# Print Viewing Lighting



## Mika Hawley (Nov 5, 2020)

Hey all!

Over lockdown, unable to access my community darkroom, I built out my own in my bathroom. Super happy with how it’s worked out for me, and so glad to have the resources on this site to aid the process! I decided recently to foray into color printing for the first time (RA-4) and it’s been going well, but have a couple of questions about viewing test strips/ prints:

-is there a standard lighting setup for viewing your prints to achieve the most accuracy? I’ve been taking them out of the darkroom, into a brightly lit room with a sheer curtain over the window as diffusion, and have generally been happy with that. But now that the days are getting shorter I’m finding myself printing after sunset, adjusting the prints to what I see under lightbulbs (albeit tungsten balanced as opposed to daylight balanced). Then seeing the final prints the next day in the daylight I realize my filtration was wack.  If I standardize the process with only daylight balanced light will this help? My main concern is being able to print so that they look good under various conditions, and not only based on one specific kind of light source. 
-that being said— I also study my tests/ prints while still wet- I don’t have a hairdryer or other way to dry the prints (or the time/ patience to wait for them to dry before making the final!).  How important do you find drying down prints before deciding on filtration/ exposure choices? I got used to the drydown on my b&w paper and am able to make those choices confidently from wet test strips, but is that a harder thing to nail down with color printing? Does the color change with drydown as well as the appearance of the shadows? 

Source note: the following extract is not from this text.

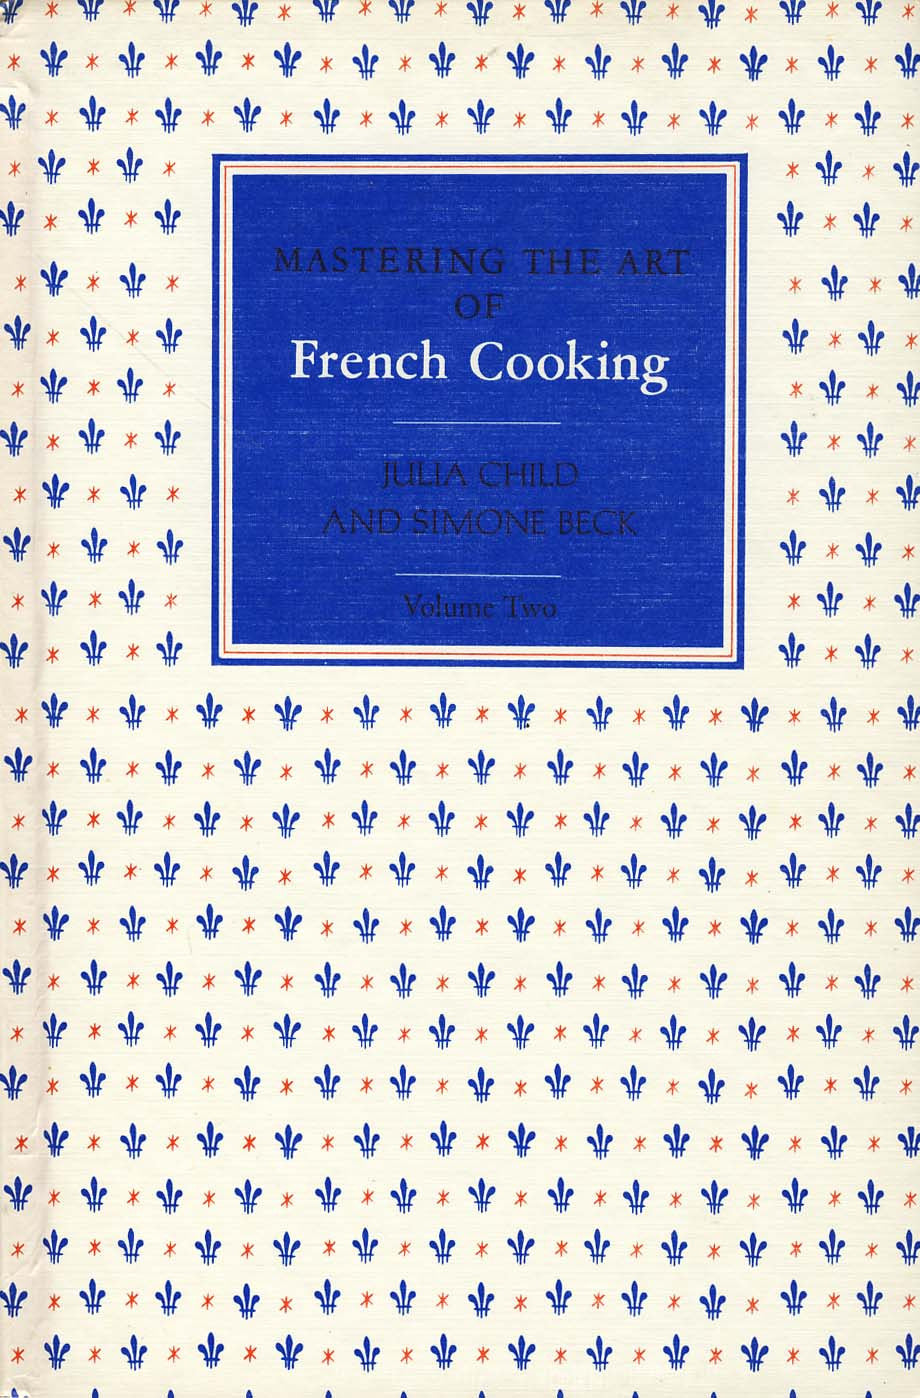 Mastering the Art of French Cooking Volume 2 - Julia Child

For reference, using Fujifilm fujicolor crystal archive paper type II. 

Any other advice on color printing for a newbie is welcome! 

-Mika


----------



## webestang64 (Nov 5, 2020)

When I used to print color professionally I always used a daylight corrected light source to view the prints. All other lighting is going to be "off". And yes, you want the color print to dry before making any corrections for reprint. 
There is no way to print a color print to "look correct" in all lighting. I remember a customer wanted everything very yellow so it looked "correct" in his house. 

You might want to track down an old color darkroom printing book, they are cheap and plentiful.


----------



## Rickbb (Nov 7, 2020)

A standard viewing booth in a commercial printing shop would be to view prints under a 5000K light and compare copies to the master print under a 4500K light.


----------



## Linda Haynes (Feb 25, 2021)

webestang64 said:


> When I used to print color professionally I always used a daylight corrected light source to view the prints. All other lighting is going to be "off". And yes, you want the color print to dry before making any corrections for reprint.
> There is no way to print a color print to "look correct" in all lighting. I remember a customer wanted everything very yellow so it looked "correct" in his house.
> 
> You might want to track down an old color darkroom printing book, they are cheap and plentiful.



Agree


----------



## Original katomi (Feb 25, 2021)

Two points
Daylight corrected bulb as others have said
Hair dryer.....aharrrr screem don’t

I will tell you what will happen,( yep I have the t shirt, and the hat) the hair dryer  will pump every hair bit of dust and anything else in the air onto the wet paper of your print


----------



## webestang64 (Feb 25, 2021)

FYI...I also used color viewing correction filters to help make adjustments. I do not think they are made today but you might try and track down a set. If I remember right looking through the opposite side was for the old long gone Cibachrome printing process (direct from a slide).


----------



## ac12 (Feb 26, 2021)

The other factor is the intensity of the light.
You need to look at your prints in a similar light level as where it will be displayed.


----------